The example telemetry controller 152 compares the utilization metrics with policy data (block 520). For example, the telemetry controller 152 determines whether the utilization metrics meet a policy threshold. Further example instructions that may be used to implement block 520 are described below in connection with FIG. 6.

The example orchestrator 142 determines if the comparison of utilization metrics to policy data determines the workload is to be offloaded (block 522). For example, the orchestrator 142 obtains a notification from the telemetry controller 152 indicative to not offload the workload (e.g., block 522=NO), then the example scheduler 144 is notified to continue execution of the workload (block 532). If the orchestrator 142 determines the workload is to be offloaded (e.g., block 522=YES), the orchestrator 142 determines the correct workload instance for the second resource (block 524). For example, if the workload is to be offloaded from a general purpose processing unit to an acceleration unit, the example orchestrator 142 queries a database for a variant and/or transformation of the workload that corresponds to the acceleration unit.

Further, the example scheduler 144 pauses execution of the workload (block 526). For example, the scheduler 144 pauses threads, processes, or container execution at the target resource. The example scheduler 144 offloads the workload from the target resource to the second resource (block 528). For example, the scheduler 144 obtains the workload instance for the second resource and configures the workload instance to execute at the second resource. Additionally, the example scheduler 144 exchanges a workload state from the target resource to the second resource (block 530). For example, the scheduler 144 performs a decoupling method. The implementation of decoupling allows the scheduler 144 to determine a workload state. For example, the scheduler 144 snapshots (e.g., saves) the state of the workload at the point of shutdown (e.g., at block 526) for immediate use a few milliseconds later, to resume at the second resource.

The example scheduler 144 continues execution of the workload restarting at the workload state (block 532). For example, the scheduler 144 configures threads, processes, or images to be executed, at the second resource, at the point of shutdown on the target resource.

During workload execution, the telemetry controller 152 may periodically and/or aperiodically collect utilization metrics and telemetry data from the resources the workload is executing at. Additionally, the example telemetry controller 152 periodically and/or aperiodically performs comparisons of the utilization metrics to the policy data. In this manner, the orchestrator 142 is constantly making decisions about how to optimize usage of the edge platform resources during workload executions.

In this manner, the example orchestrator 142 and/or scheduler 144 determines if the workload execution is complete (block 534). For example, the scheduler 144 determines the workload threads have been executed and there are no more threads configured to be scheduled (e.g., block 534=NO), and the program of FIG. 5 ends. In other examples, the scheduler 144 determines there are still threads scheduled to be executed (e.g., block 534=YES), and control returns to block 518.

The example integration program 500 of FIG. 5 may be repeated when the edge service and/or otherwise the example orchestrator 204 obtains a new workload.
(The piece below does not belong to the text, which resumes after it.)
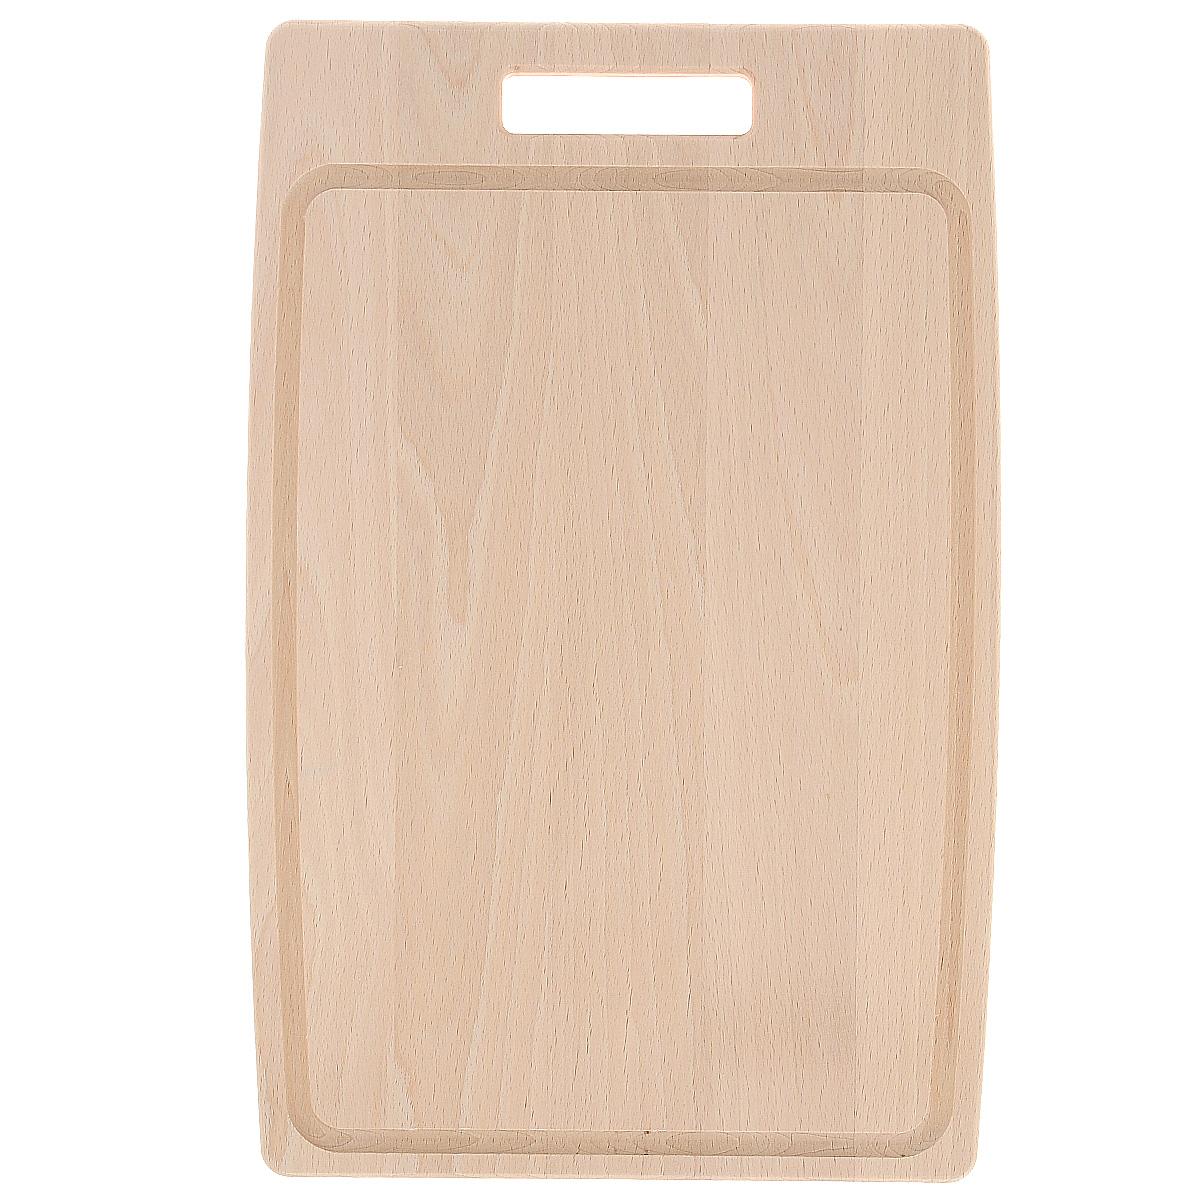 Доска разделочная Tescoma Home Profi, 30 х 20 смFS-91909Прямоугольная разделочная доска Tescoma Home Profi изготовлена из высококачественной древесины бука. Бук - это особо прочный материал, который прослужит вам долгие годы. Доска оснащена удобной ручкой.Функциональная и простая в использовании, разделочная доска Tescoma Home Profi прекрасно впишется в интерьер любой кухни. Не мыть в посудомоечной машине.

Turning to FIG. 6, the example comparison program 520 begins when the example telemetry controller 152 obtains policy data from a database (block 602). For example, the telemetry controller 152 utilizes the policy data and the utilization metrics for the comparison program.

The example telemetry controller 152 analyzes the policy data to determine if the policy data is indicative to optimize for performance (block 604). For example, it may be desirable to optimize (e.g., enhance) the quality of workload execution (e.g., the quality of video streaming). If the example telemetry controller 152 determines the policy data is indicative to optimize for performance (e.g., block 604=YES), then the example telemetry controller 152 analyzes the utilization metrics with regard to performance. The example telemetry controller 152 determines a performance metric from the utilization metrics (block 606). For example, the telemetry controller 152 determines network throughput, bandwidth, bit rate, latency, etc., of the resource executing the workload.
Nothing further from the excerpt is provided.